While ECN is now the standard interpretation of two of the eight bits in the TOS field of the IP header and support for ECN is highly recommended, it is not required. Moreover, there is no single recommended AQM algorithm, but instead, there is a list of requirements a good AQM algorithm should meet. Like TCP congestion control algorithms, every AQM algorithm has its advantages and disadvantages, and so we need a lot of them to argue about.

6.5 Ingress/Egress Queues

We have been drawing a clear line between approaches to congestion control that happen inside the network (i.e., the AQM algorithms described in this chapter) and at the edge of the network (i.e., the TCP-based algorithms described in earlier chapters). But the line isn’t necessarily that crisp. To see this, you just have to think of the end-to-end path as having a ingress queue at the kernel/device interface on the sending host and an egress queue at the device/kernel interface on the receiving host.1 These edge queues are likely to become increasingly important as virtual switches and NIC support for virtualization become more and more common.


Confusingly, the ingress queue from the perspective of the network path is the outbound (egress) queue on the sending host and, the egress queue from the perspective of the network path is the inbound (ingress) queue on the receiving host. As shown in Figure 40, we use the terms ingress and egress from the network’s perspective.

This perspective is illustrated in Figure 40, where both locations sit below TCP, and provide an opportunity to inject a second piece of congestion control logic into the end-to-end path. CoDel and ECN are examples of this idea: they have been implemented at the device queue level of the Linux kernel.


Figure 40. Ingress and egress queues along the end-to-end path, implemented in the sending and receiving hosts, respectively.
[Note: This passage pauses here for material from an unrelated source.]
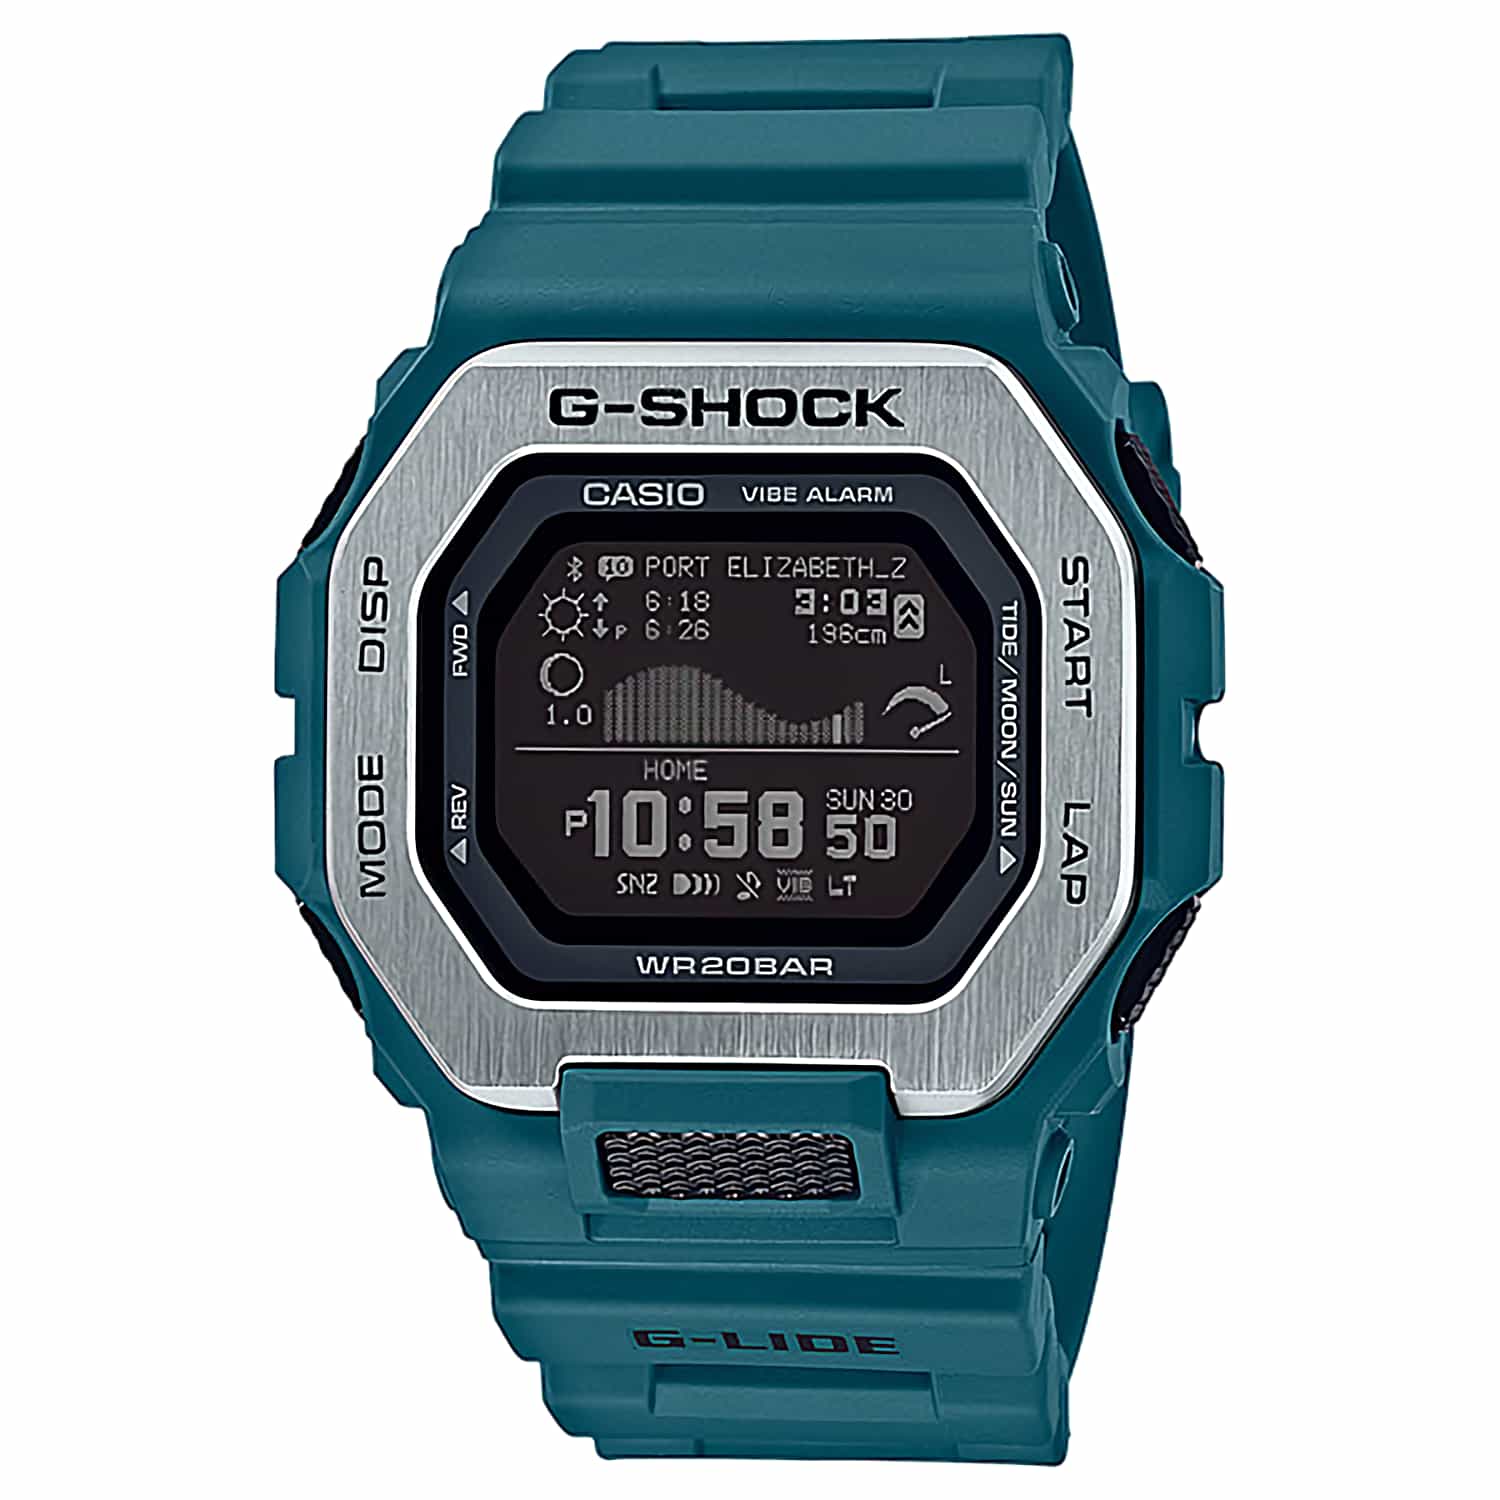 GBX100-2 G-Shock G-LIDE Bluetooth Watch. These new models (May 2020) are the latest additions to the G-LIDE lineup of G-SHOCK sports watches, which are a favourite choice among the worlds top surfers.The  GBX100 models come with the ability to display inf

Does this work? One issue is whether packets are dropped at the ingress or the egress. When dropping at the ingress (on the sending host), TCP is notified in the return value of the Write function, which causes it to “forget” that it sent the packet. This means this packet will be sent next, although TCP does decrease its congestion window in response to the failed write. In contrast, dropping packets at the egress queue (on the receiving host), means the TCP sender will not know to retransmit the packet until it detects the loss using one of its standard mechanisms (e.g., three duplicate ACKs, a timeout). Of course, having the egress implement ECN helps.

When we consider this discussion in the context of the bigger congestion control picture, we can make two interesting observations. One is that Linux provides a convenient and safe way to inject new code—including congestion control logic—into the kernel, namely, using the extended Berkeley Packet Filter (eBPF). eBPF is becoming an important technology in many other contexts as well. The standard kernel API for congestion control has been ported to eBPF and most existing congestion control algorithms have been ported to this framework. This simplifies the task of experimenting with new algorithms or tweaking existing algorithms by side-stepping the hurdle of waiting for the relevant Linux kernel to be deployed.

Further Reading

The Linux Kernel. BPF Documentation.

A second observation is that by explicitly exposing the ingress/egress queues to the decision-making process, we open the door to building a congestion control mechanism that contains both a “decide when to transmit a packet” component and a “decide to queue-or-drop a packet” component. We’ll see an example of a mechanism that takes an innovative approach to using these two components in Section 7.1 when we describe On-Ramp.